And then stacking the depth maps of all the 3D faces of the 4D face to obtain the depth map of the 4D face.
Step 104:
and (4) carrying out tensor decomposition on the normal vector component, the shape index and the depth map obtained in the step 103 respectively to obtain static person identity information and dynamic expression change information. Specifically, taking a depth map as an example, the components of the normal vector and the process of tensor decomposition of the shape index are similarly obtained.
(1) Establishing a model, and determining a depth map Dep epsilon R of the 4D faceH×W×LWhere H denotes the height of the depth map, W denotes the width of the depth map, and L denotes the sequence length of the 4D face. Considering that for a 3D face sequence, the dynamic part is the expression and the static part is the identity information, the expression and identity can be considered as distributed independently, and the two can be separated. Suppose the expression information is Emo ∈ RH×W×LThe identity information is ID ∈ RH×W×LThen, the following 4D facial expression-identity information separation model can be established:
Figure BDA0002343171920000111
f=DEmo
Figure BDA0002343171920000112
wherein λ represents a weight coefficient, which measures the specific gravity between f and e, e represents noise, and DEmo represents modeling of dynamic expression information:
||DEmo||1=||DhEmo||1+||DvEmo||1+||DtEmo||1
DhEmo=vec(Emo(i,j+1,k)-Emo(i,j,k))
DvEmo=vec(Emo(i+1,j,k)-Emo(i,j,k))
DtEmo=vec(Emo(i,j,k+1)-Emo(i,j,k)) (2)
Dhdifferential operator representing the horizontal direction, DvDifferential operator representing the horizontal direction, DtA difference operator representing the time domain direction.

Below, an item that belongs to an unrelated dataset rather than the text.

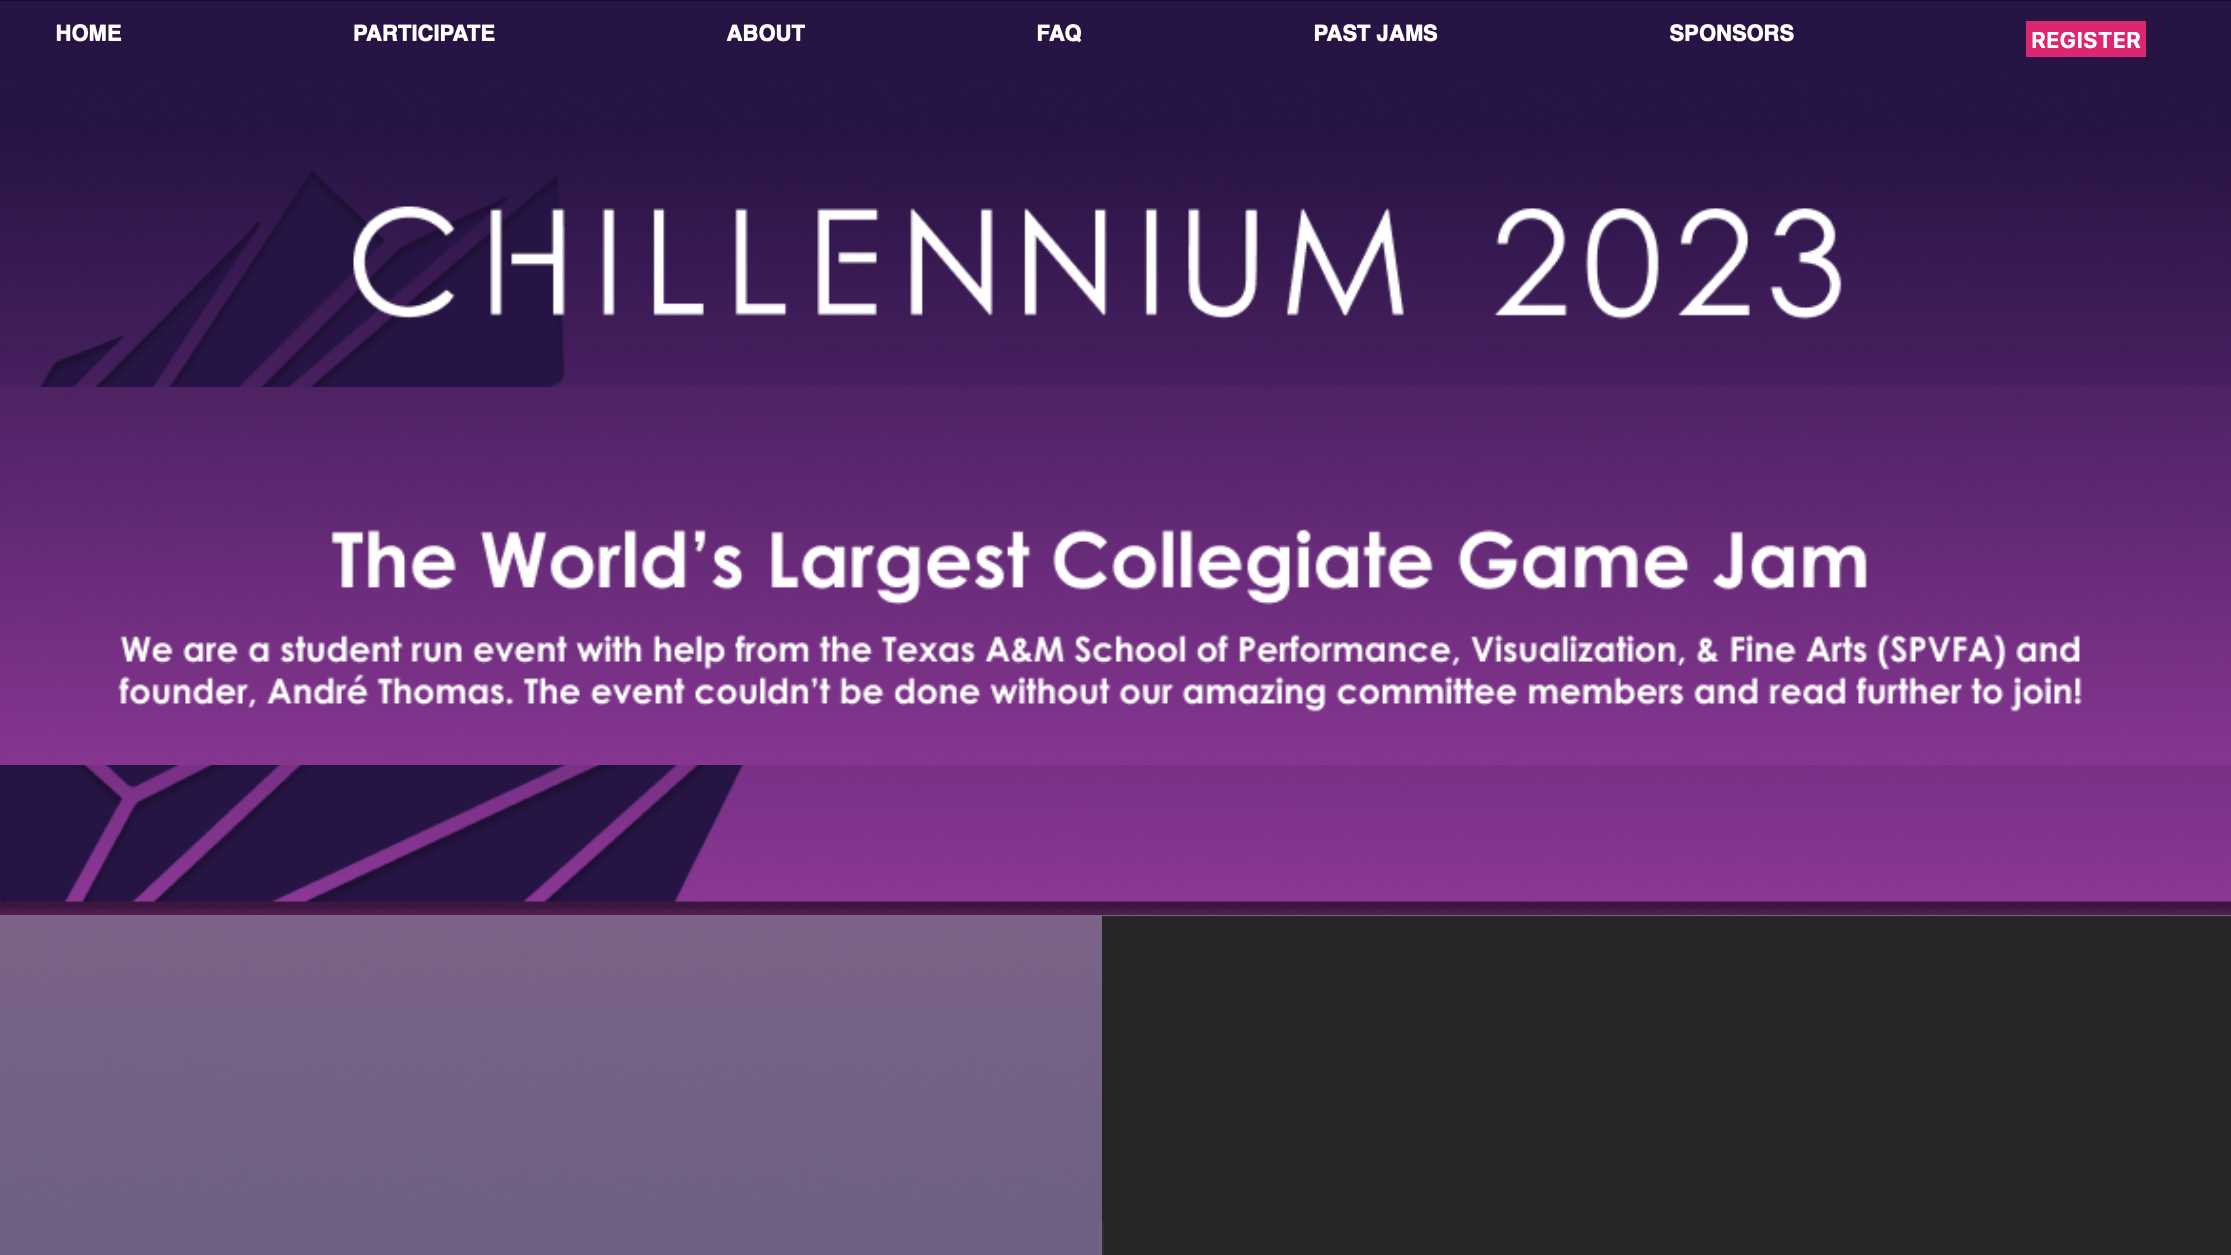 LSU - Chillennium 2023 news story

Formula (2) depicts the dynamic transformation information of the facial expression. Modeling static persona IDs as follows
Figure BDA0002343171920000113
Formula (3) is actually a tach decomposition of the identity information of the 4D face,
Figure BDA0002343171920000114
core tensor, U, representing the Take decomposition1,U2,U3A matrix representing each mode in the Tack decomposition. (3) In formula (i)1,×2And is prepared from3The products of the tensors and the matrices of the individual modes are represented separately. The characteristic that the face identity information is kept unchanged in different expressions is reflected through the modeling of the formula (3).
(2) And (3) solving the model, namely solving the 4D facial expression-identity information separation model established by the formula (1) by iterative optimization. For such multivariate optimization problems, iterative optimization is usually performed using an Alternating Direction Multiplier Method (ADMM). Firstly, initializing parameters, and specifically, iteratively updating the parameters as follows:
the first step is as follows: updating core tensor of tack decomposition
Figure BDA0002343171920000121
Sum matrix U1,U2,U3
Figure BDA0002343171920000122
Figure BDA0002343171920000123
Figure BDA0002343171920000124
Wherein λ isDepIs the Lagrange multiplier vector, betaDepIn order to be a positive penalty parameter,
Figure BDA0002343171920000125
for the estimated static identity information of the person, Dep is the depth map of the 4D face, Emo is the dynamic expression information of the 4D face data, e is noise,
Figure BDA0002343171920000126
is shown as
Figure BDA0002343171920000127
The tensor of (a);
the second step is that: update noise e:
Figure BDA0002343171920000128
wherein
Figure BDA0002343171920000129
Figure BDA00023431719200001210
Represent
Figure BDA00023431719200001211
Spread vector, λDepIs the Lagrange multiplier vector, betaDepFor the positive penalty parameter, Dep is the depth map of the 4D face, and Emo is the dynamic expression information of the 4D face data.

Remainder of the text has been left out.